● Task brief: Find the line with "Enceladus jets and shadows" in the data below. Repeat it and every line after it up to the end, exactly, but drop the pictures.

● Dataset extract:
◆ ◆ ◆ ◆

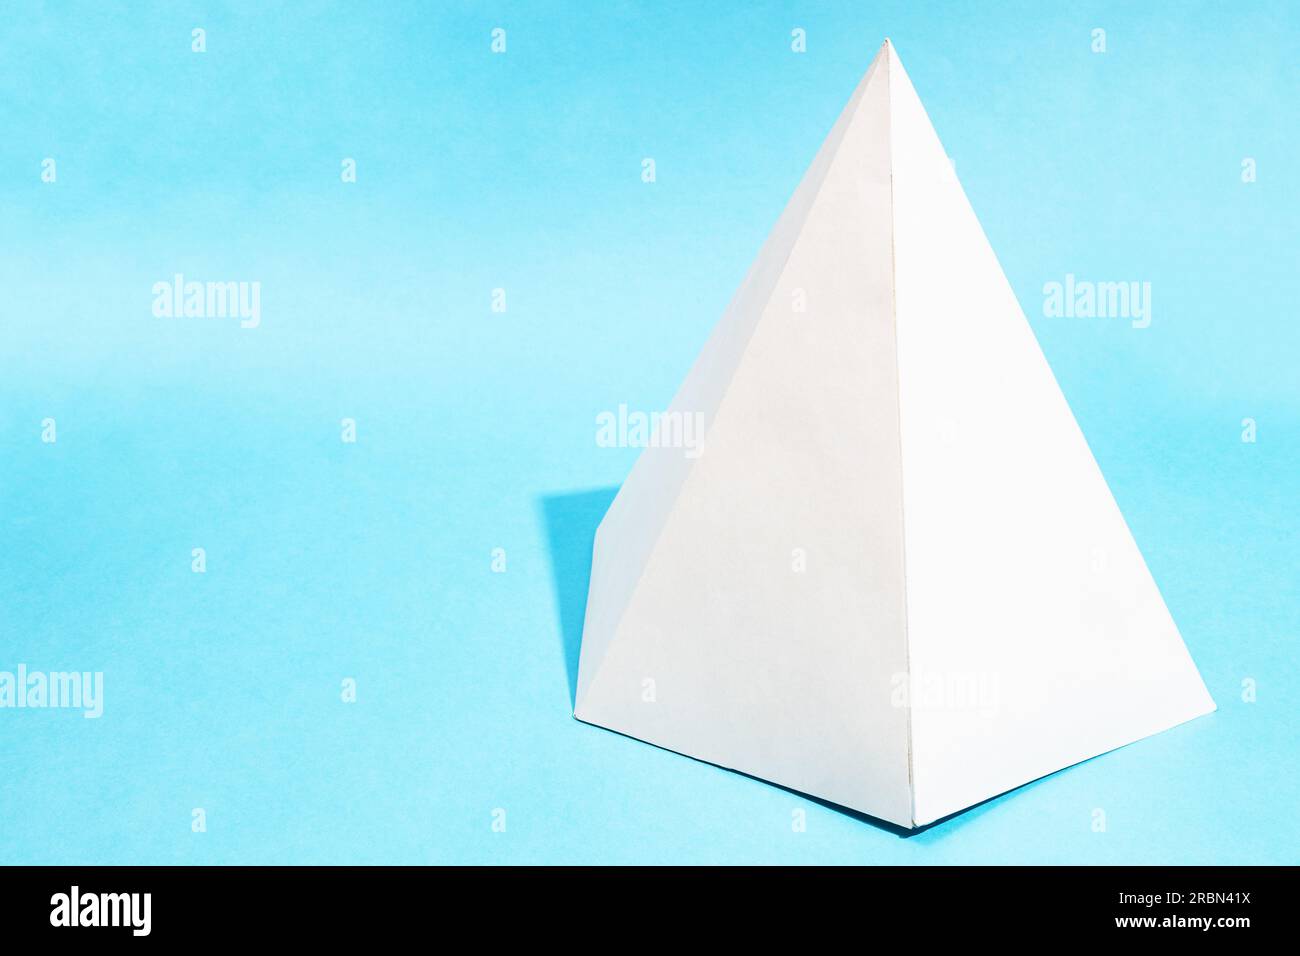 handcrafted paper hexagonal pyramid on turquoise blue background with copyspace Stock Photo
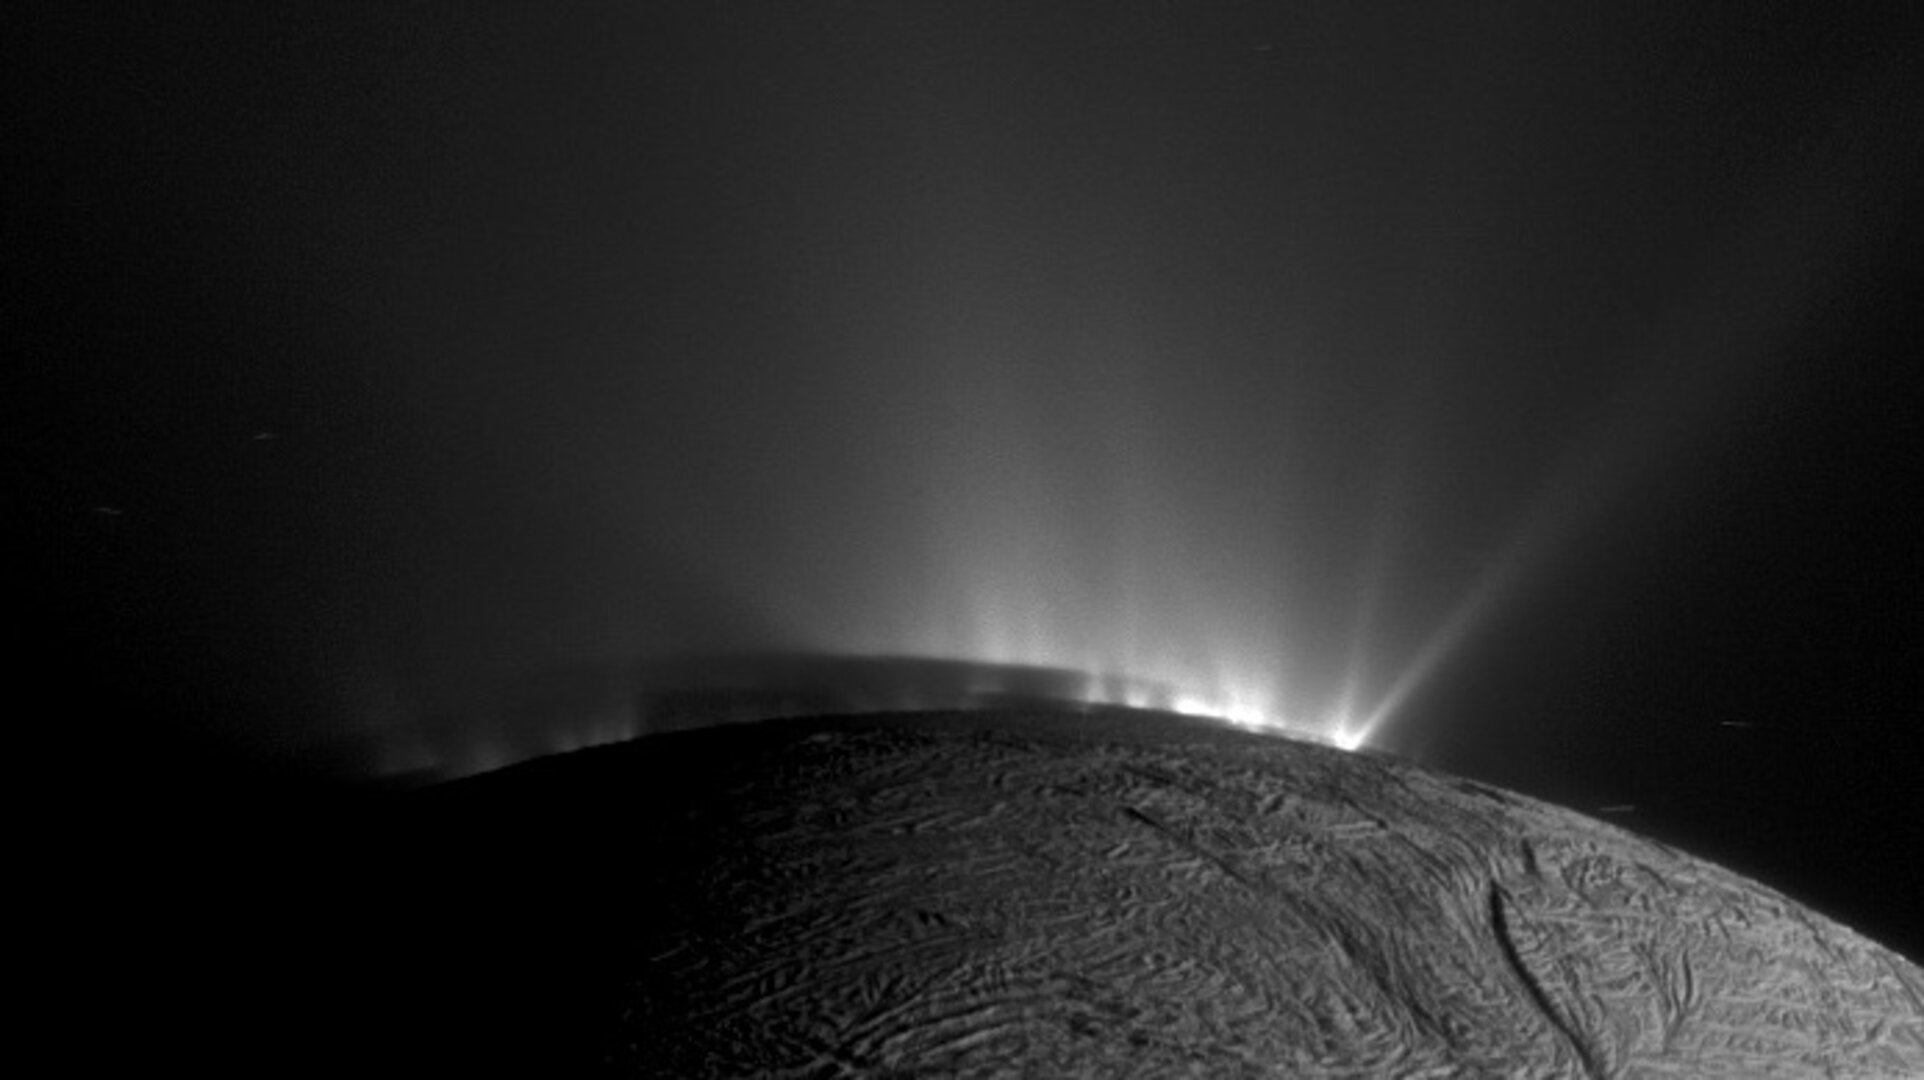 Enceladus jets and shadows
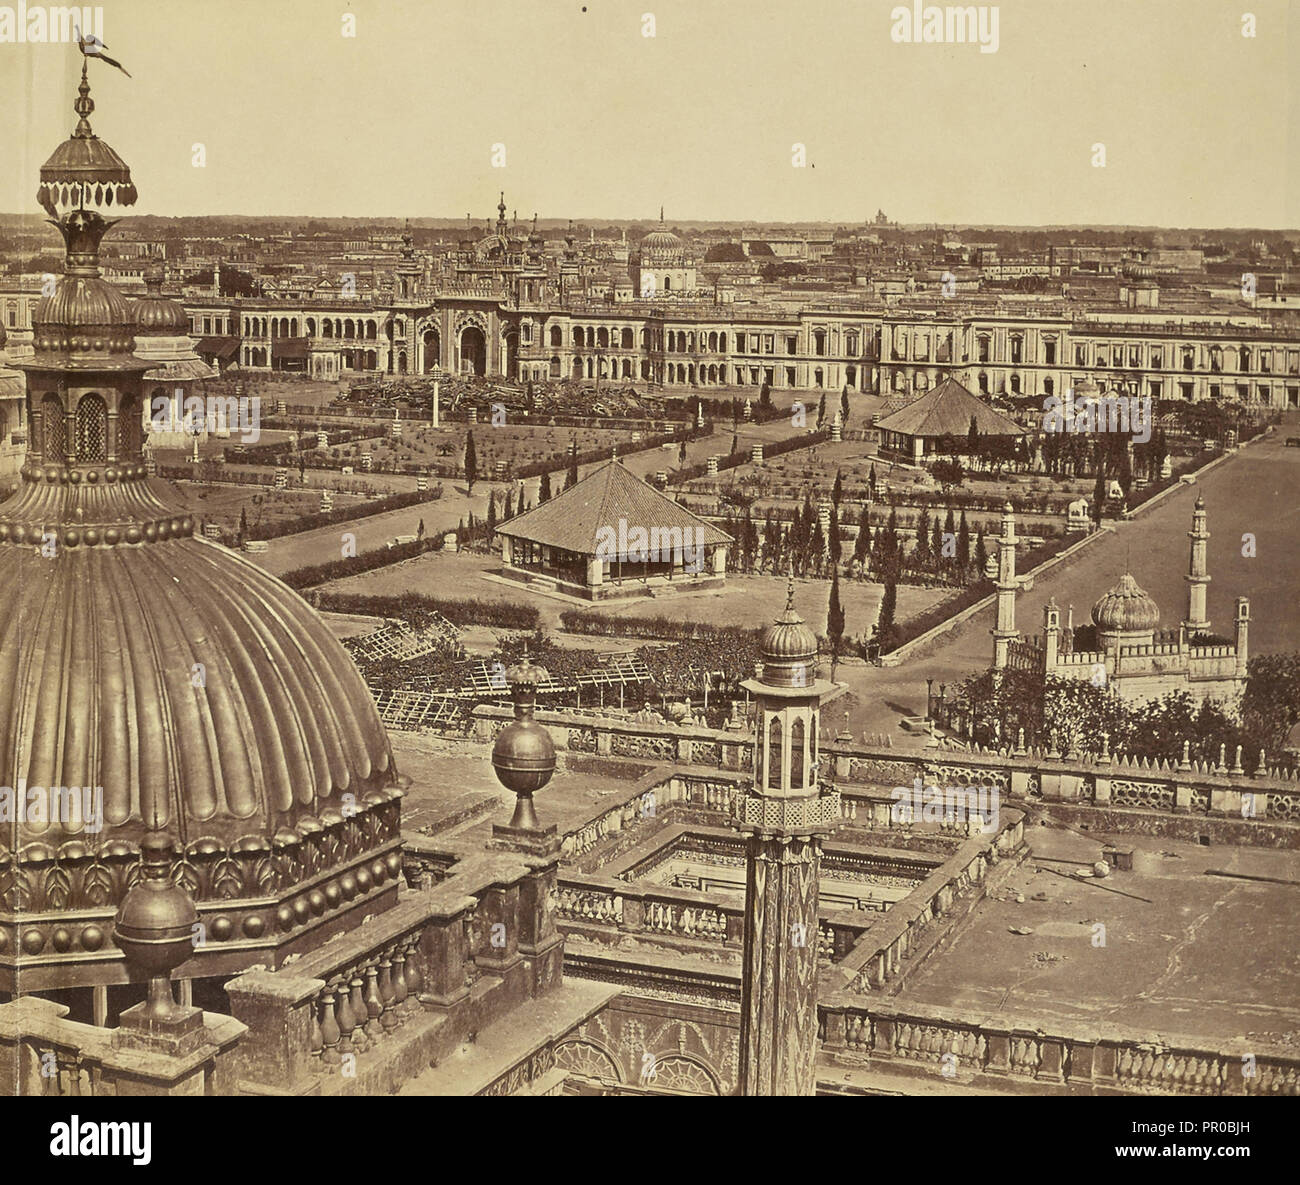 Panorama of Lucknow: View of Devastation Wrought by Lucknow Massacre; Felice Beato, 1832 - 1909, India Stock Photo

◆ ◆ ◆ ◆

● Solution for this exercise:
 Enceladus jets and shadows
 Panorama of Lucknow: View of Devastation Wrought by Lucknow Massacre; Felice Beato, 1832 - 1909, India Stock Photo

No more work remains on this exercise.